(Beginning of DATASET SECTION)

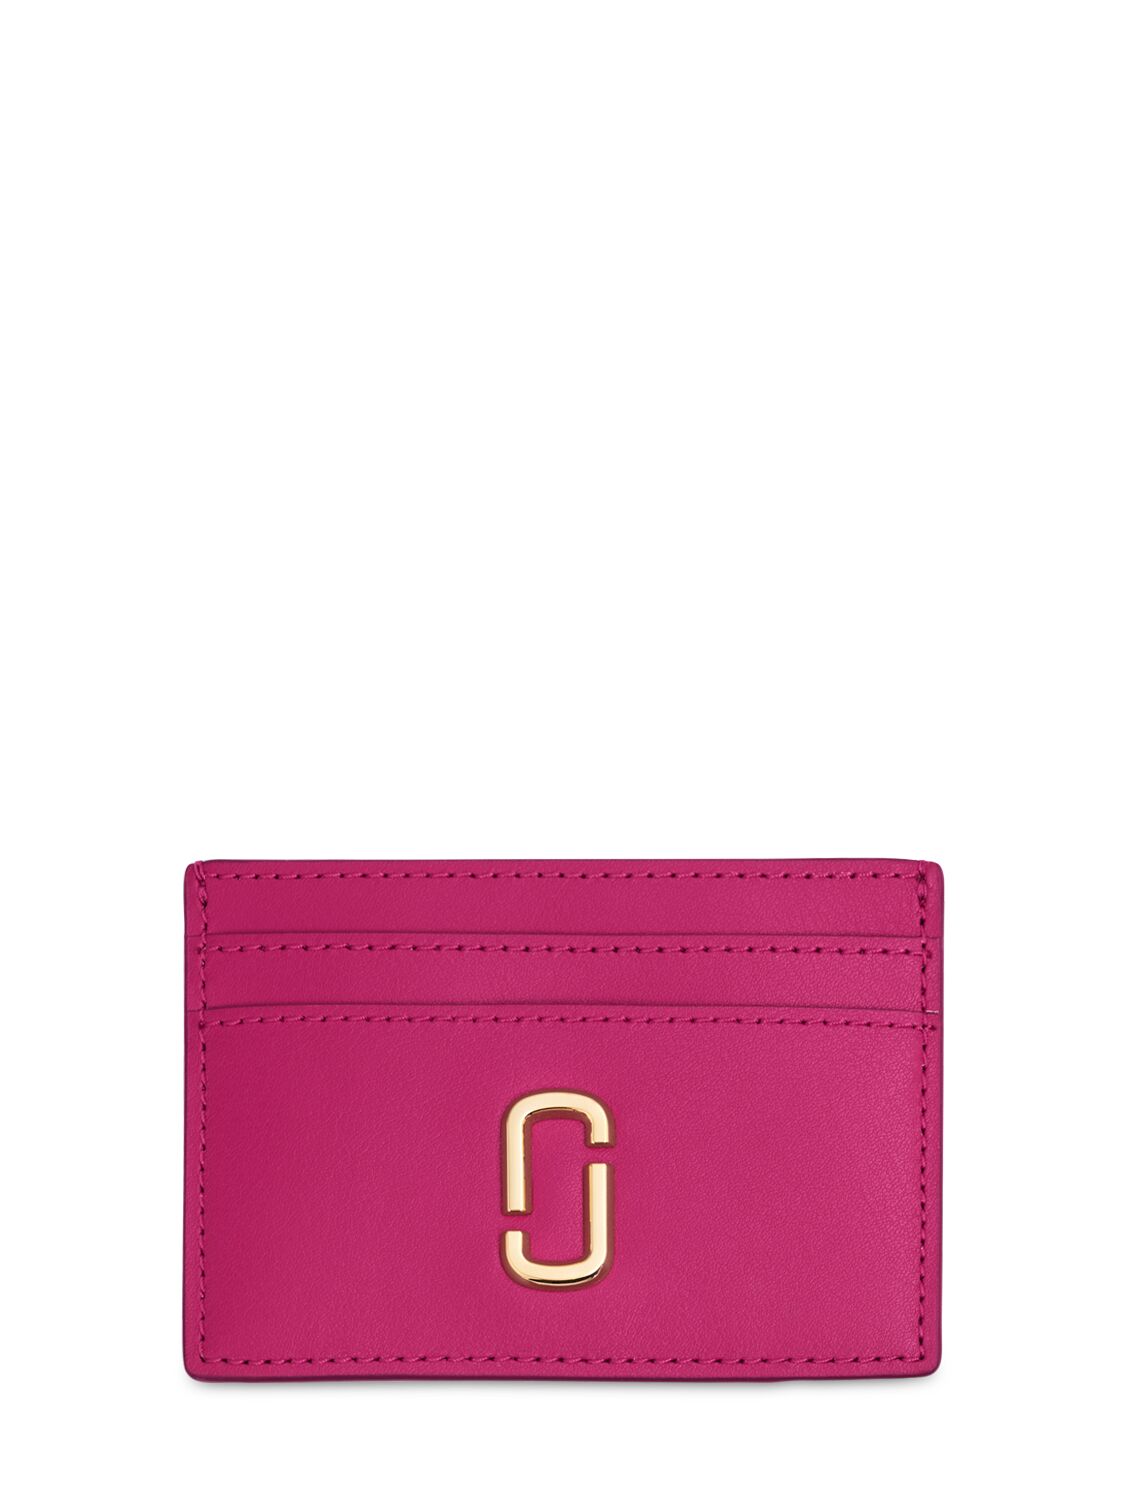 Marc Jacobs Leather Card Holder In Lipstick Pink
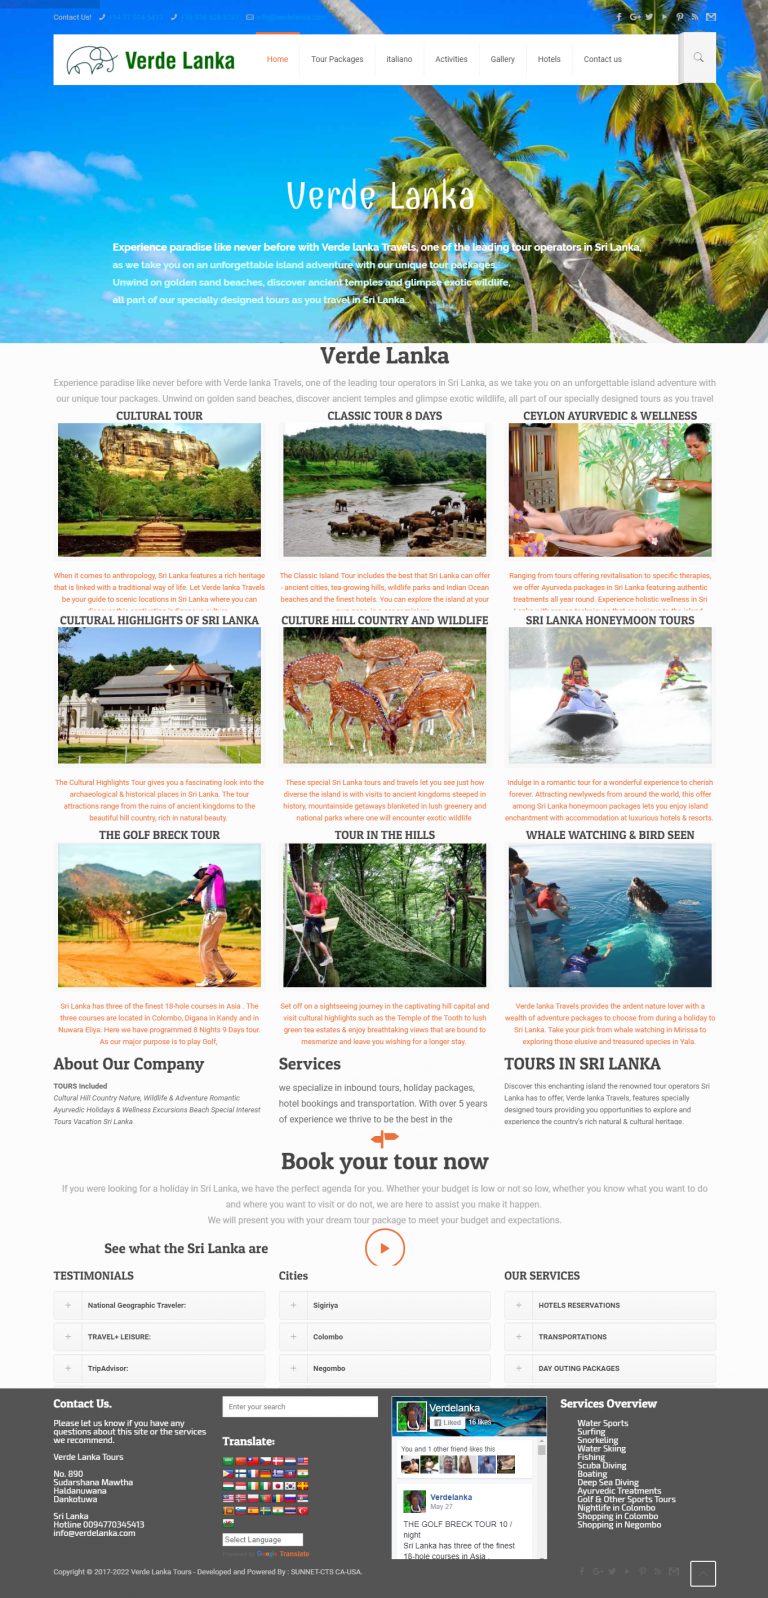 Experience paradise like never before with Verde Lanka Travels, one of the leading tour operators in Sri Lanka, as we take you on an unforgettable island adventure with our unique tour packages. Unwind on golden sand beaches, discover ancient temples and glimpse exotic wildlife, all part of our specially designed tours as you travel in Sri Lanka..
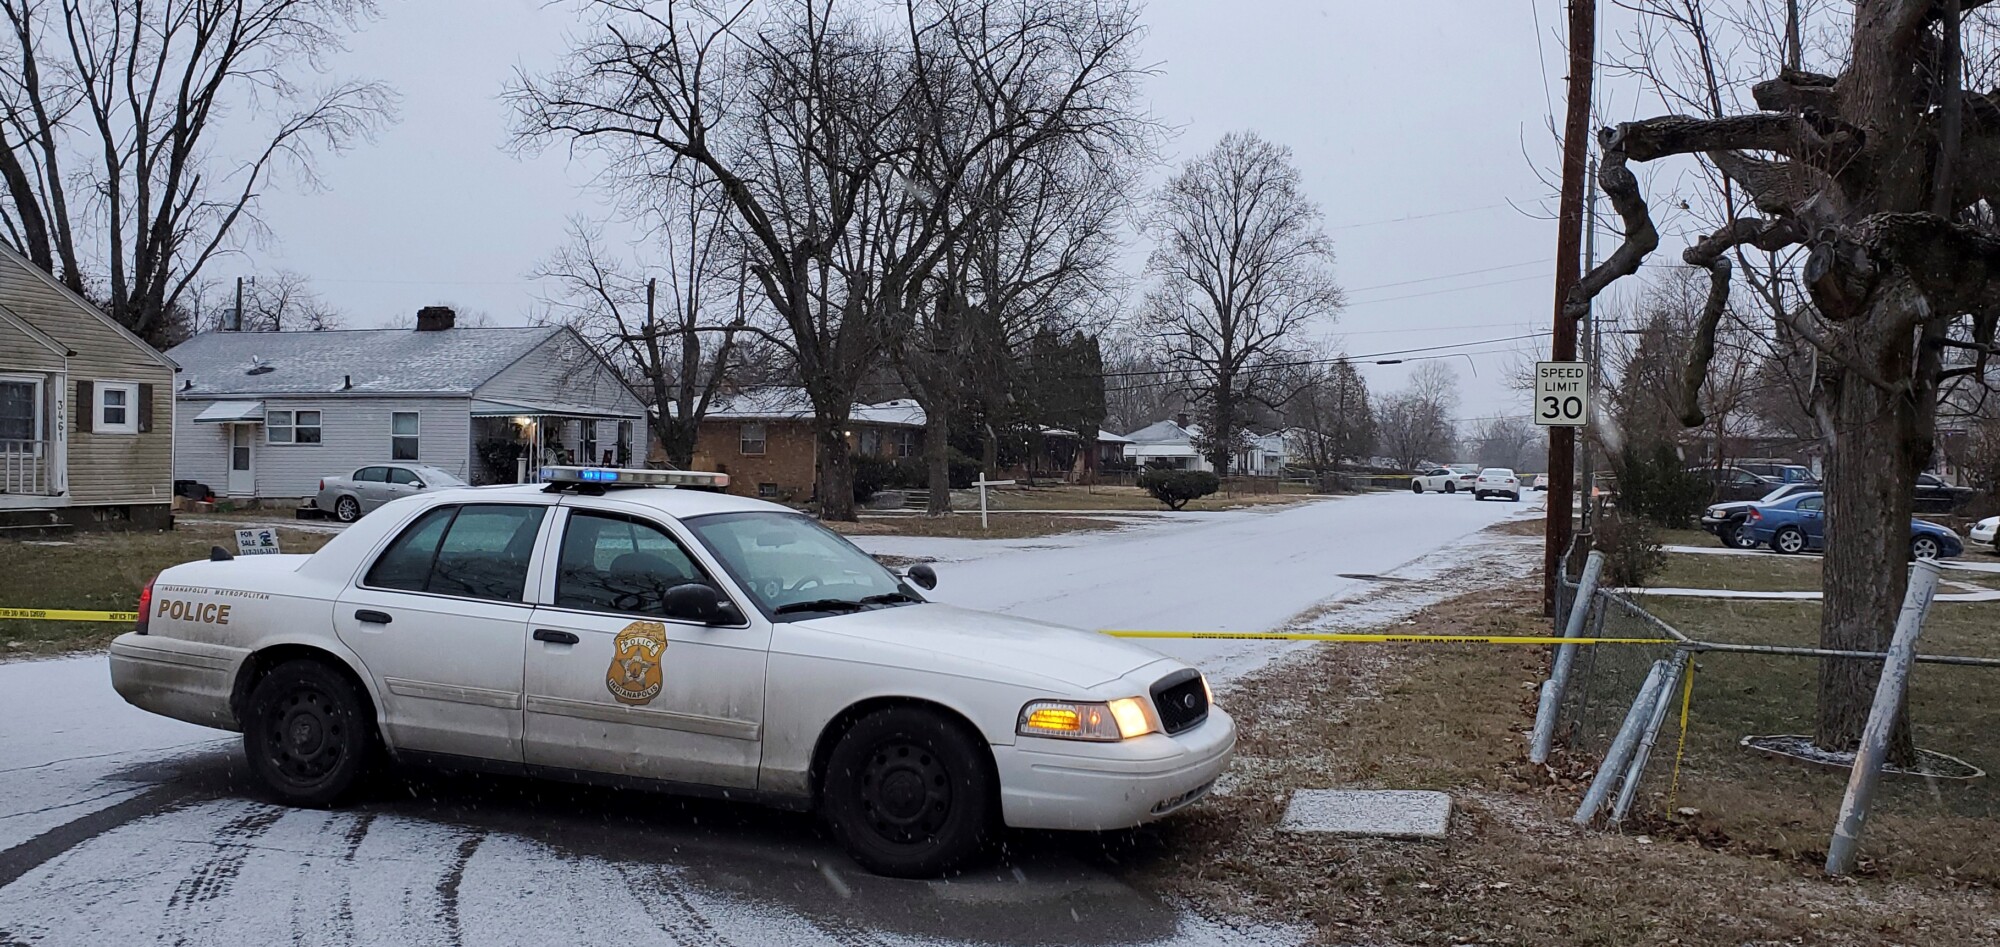 Teen Charged in Fatal Shootings of 5 at Indianapolis Home
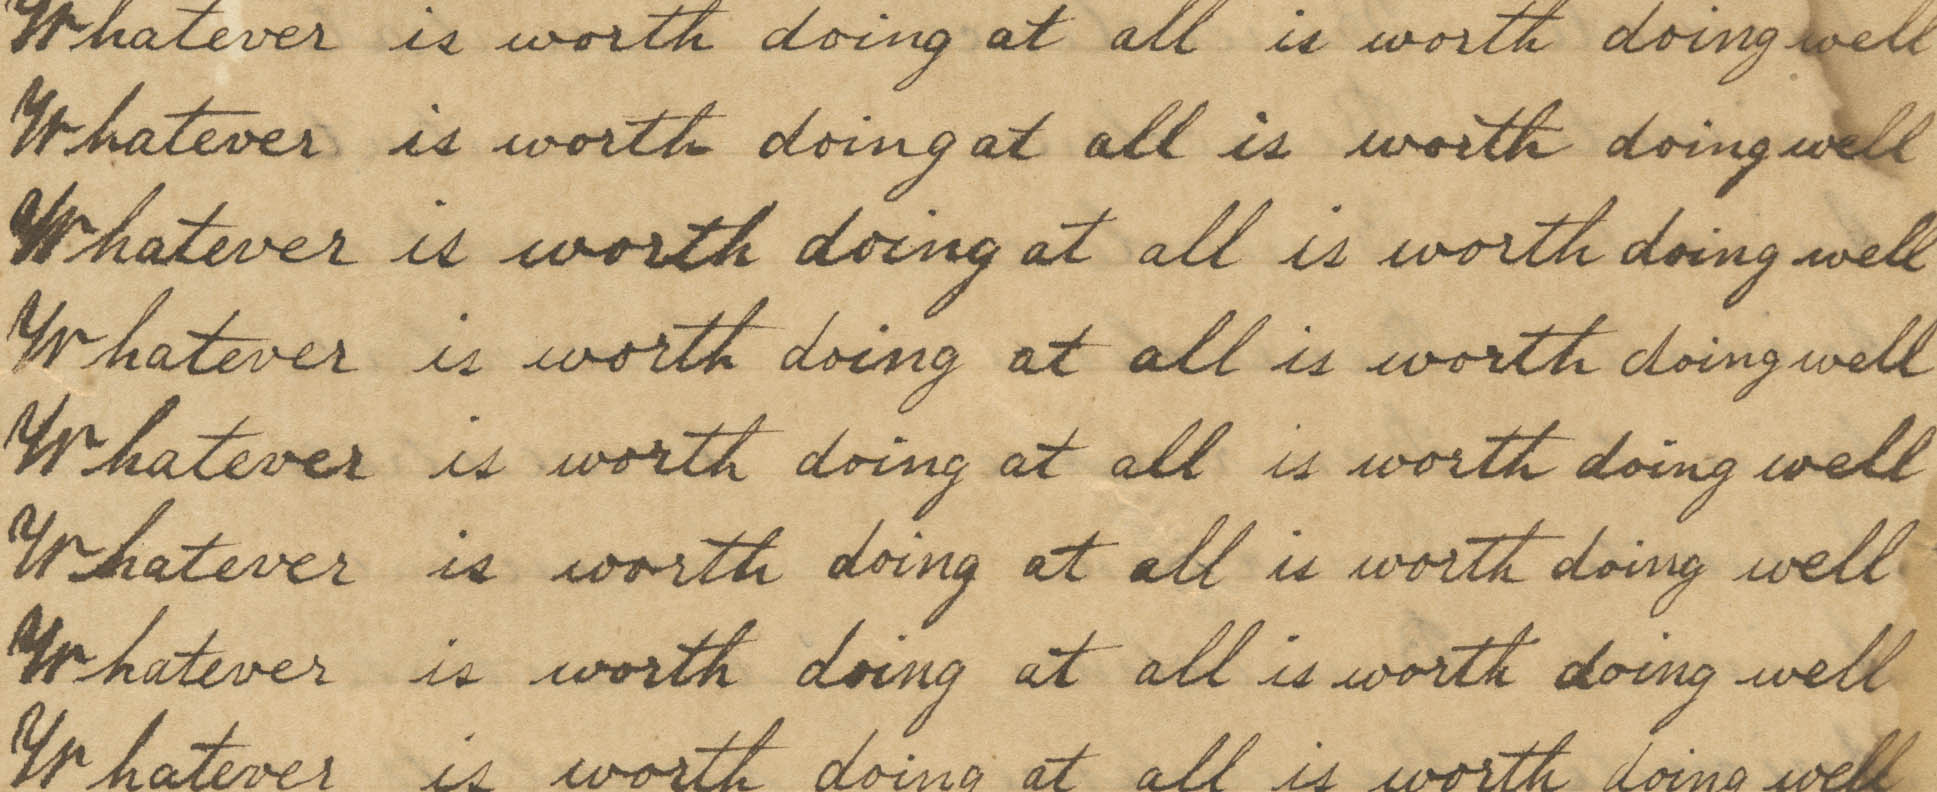 “Whatever worth doing at all is worth doing well,” 1862

(End of DATASET SECTION)

Take the line that holds "Experience paradise like" as the start and the last line of the data as the end. Copy only those lines exactly, both ends included, except the pictures.

 Experience paradise like never before with Verde Lanka Travels, one of the leading tour operators in Sri Lanka, as we take you on an unforgettable island adventure with our unique tour packages. Unwind on golden sand beaches, discover ancient temples and glimpse exotic wildlife, all part of our specially designed tours as you travel in Sri Lanka..
 Teen Charged in Fatal Shootings of 5 at Indianapolis Home
 “Whatever worth doing at all is worth doing well,” 1862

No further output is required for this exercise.